How much static compression can I run on pump gas?
Answer: 9.5:1 with cast iron heads, 10.5:1 with aluminum heads.

Do I need to retard the ignition when using nitrous?
Answer: Yes, anything over a 100hp shot will require a progressive timing retard.

Do I need to retard the ignition with a boosted application?
Answer: Yes, progressive timing retard is a must.

Should I use an ignition cut off wired to my fuel system?
Answer: Absolutely, many engines have fried because they lost fuel pressure while under boost or nitrous.

Should I use steel or aluminum rods?
Answer: For really high rpm applications or heavy power adder set ups aluminum is the way to go, all others steel.

What size carburetor should I use?
Due to the C.I.D., rpm range and volumetric effiency of the particular combination, let us recommend the right carburetor for you.

Should I balance my rotating assembly even if it is a street engine?
Answer: Yes, the benefits definitely outweigh the cost, we balance all our engines.

Will I need hardened seats installed in my older cast iron heads?
Answer: It’s not necessary, but it’s a good insurance policy, mainly too lean an air/fuel ratio or improper timing pounds out seats, not unleaded fuel.

After I install an higher horsepower engine will I need to make any other changes?
Answer: Absolutely, upgrades must be made to the fuel delivery system, cooling system, exhaust, torque converter or clutch, etc.
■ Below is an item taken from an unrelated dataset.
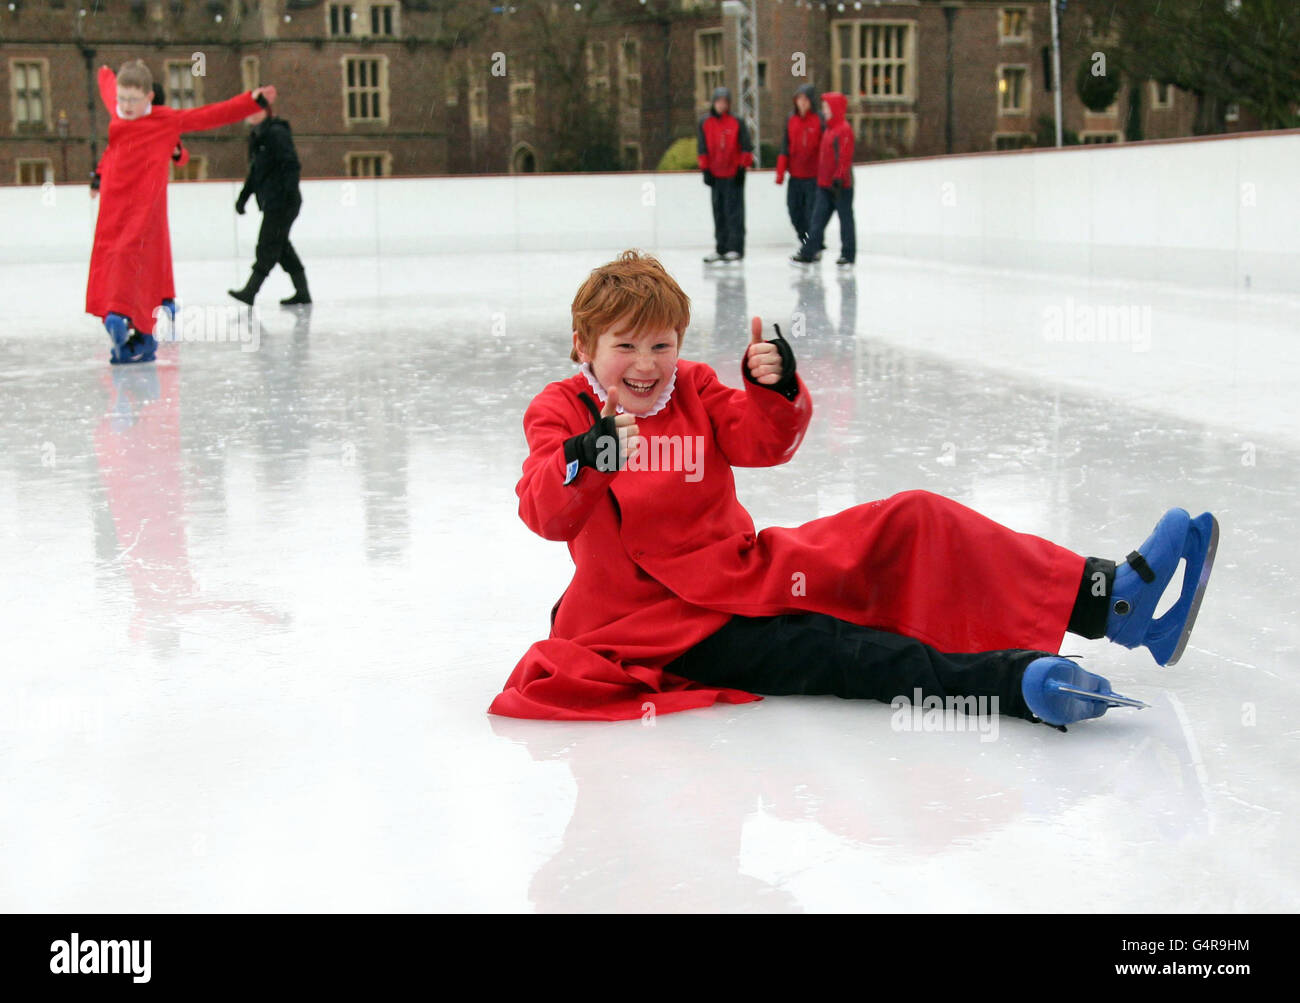 One of seventeen Chapel Royal Choirboys aged 8-13 skating at Hampton Court Palace Ice Rink in Kingston. Stock Photo
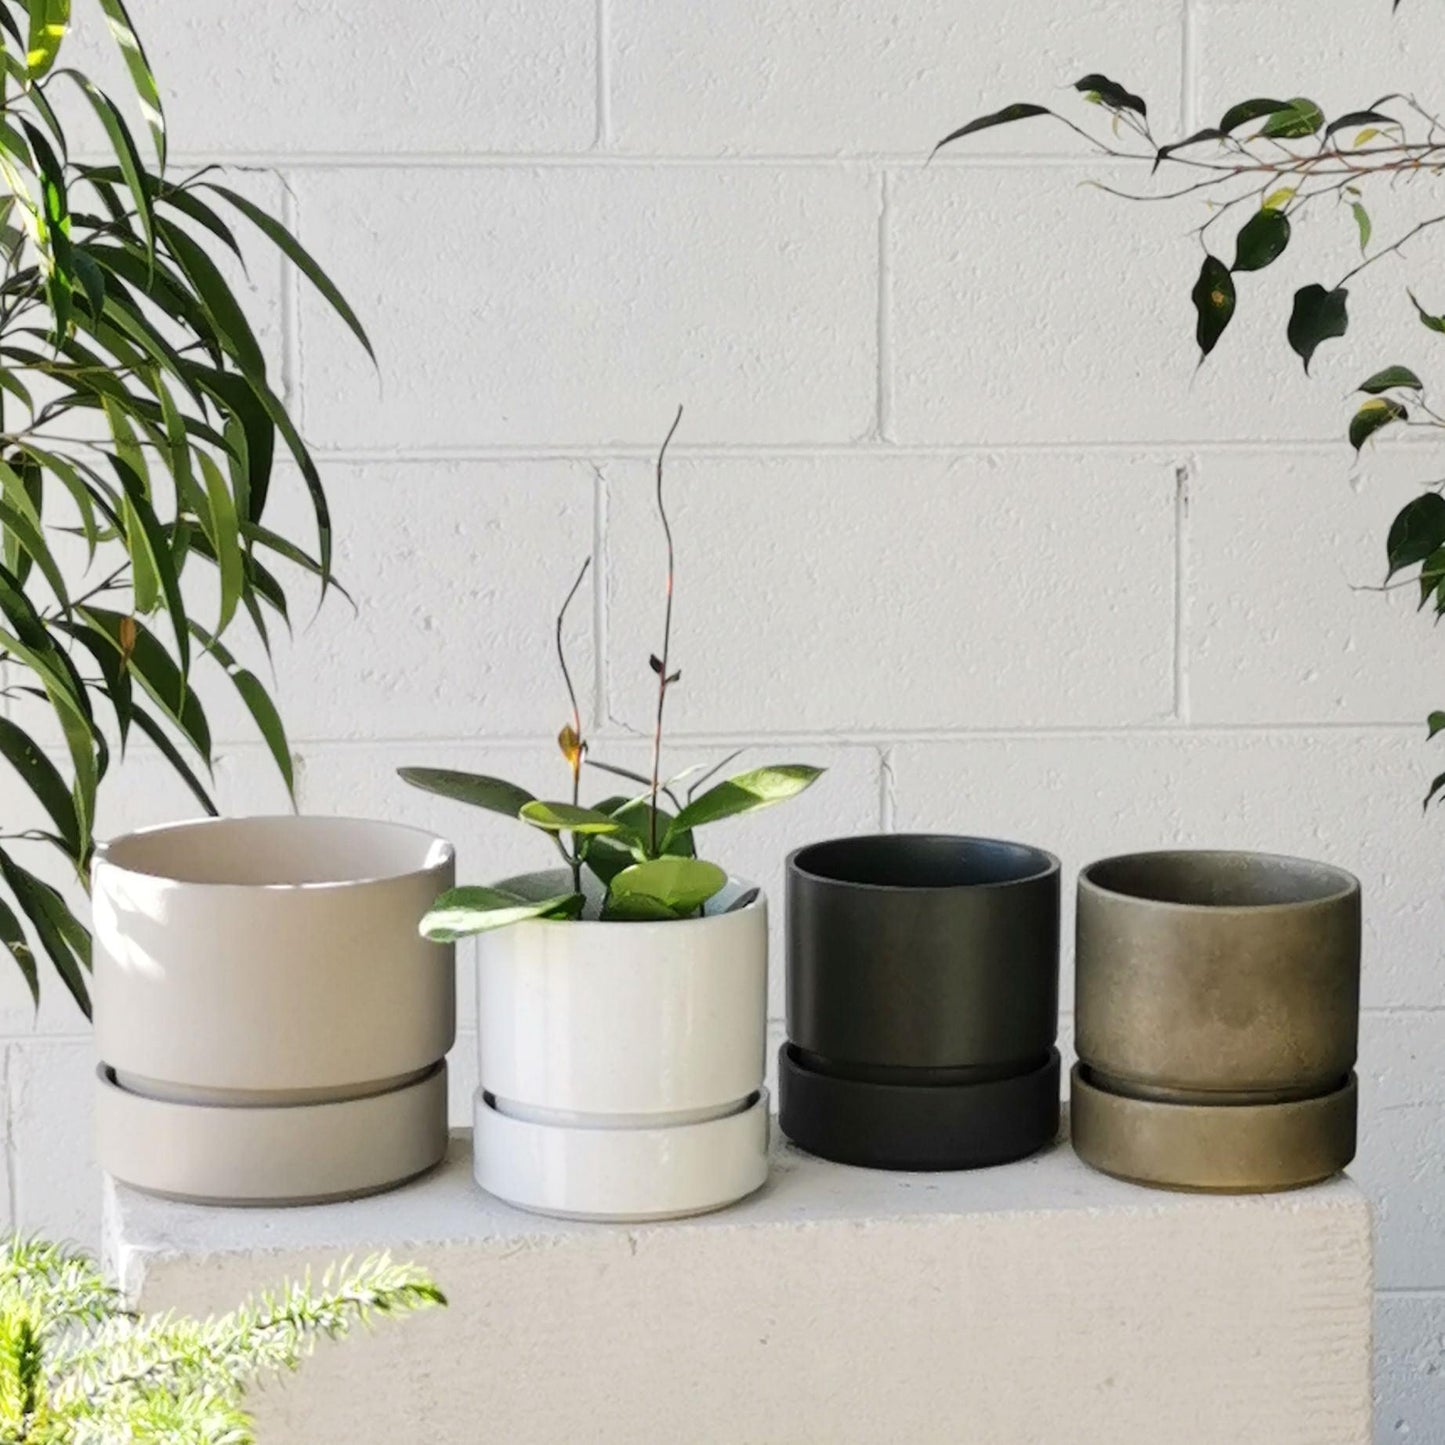 Cora Planter by The Plant Society in Quartz - Gloss - THE PLANT SOCIETY

We can help you with all the parts you’ll need.

Should I degree the cam?
Answer: Yes, unless it’s a bone stock restoration, degreeing the cam will correct all the stacking tolerances in the new parts, also will optimize engine performance.

How do I break in my new motor?
Answer: Flat tappet cams must be run at 2000-3000 rpms for the first 20 minutes using Brad Penn, Penn Grade 1 Break-in oil and Comp Cams break-in additive, all engines need to have timing set at full advance during break-in, we mark the balancer at this spot and use a non adjustable timing light, also during break-in oil pressure and coolant temperature MUST be monitored.

Should I port my cylinder heads?
Answer: Unless you are a professional head porter with a flowbench, leave them alone. We’ve seen many heads ruined by inexperienced people. We deal with some of the best head porters in the country, let us handle it for you.

Should I use an aluminum block?
Answer: There are many advantages, replaceable sleeves, weight savings, and repairability. That said, today’s aftermarket cast iron blocks fit the bill in most cases.

Should I use aluminum heads?
Answer: Many advantages to them as well, weight, repairability, flow potential, variety of design, heat dissipation, etc.

Should I buy a new rotating assembly even for a street engine?
Answer: Yes, unless it’s unavailable at a reasonable cost for your engine. For popular ones we can sell you brand new parts for about as much as it costs to machine the original parts.

Will I need to O ring my block for nitrous or boosted applications?
Answer: Only in the most extreme cylinder pressure engines (Nitromethane or big superchargers and turbos)

Can I use a stock oil pan and pump?
Answer: Only if it’s a bone stock or restoration rebuild, all high performance and racing engines need increased oil capacity and volume.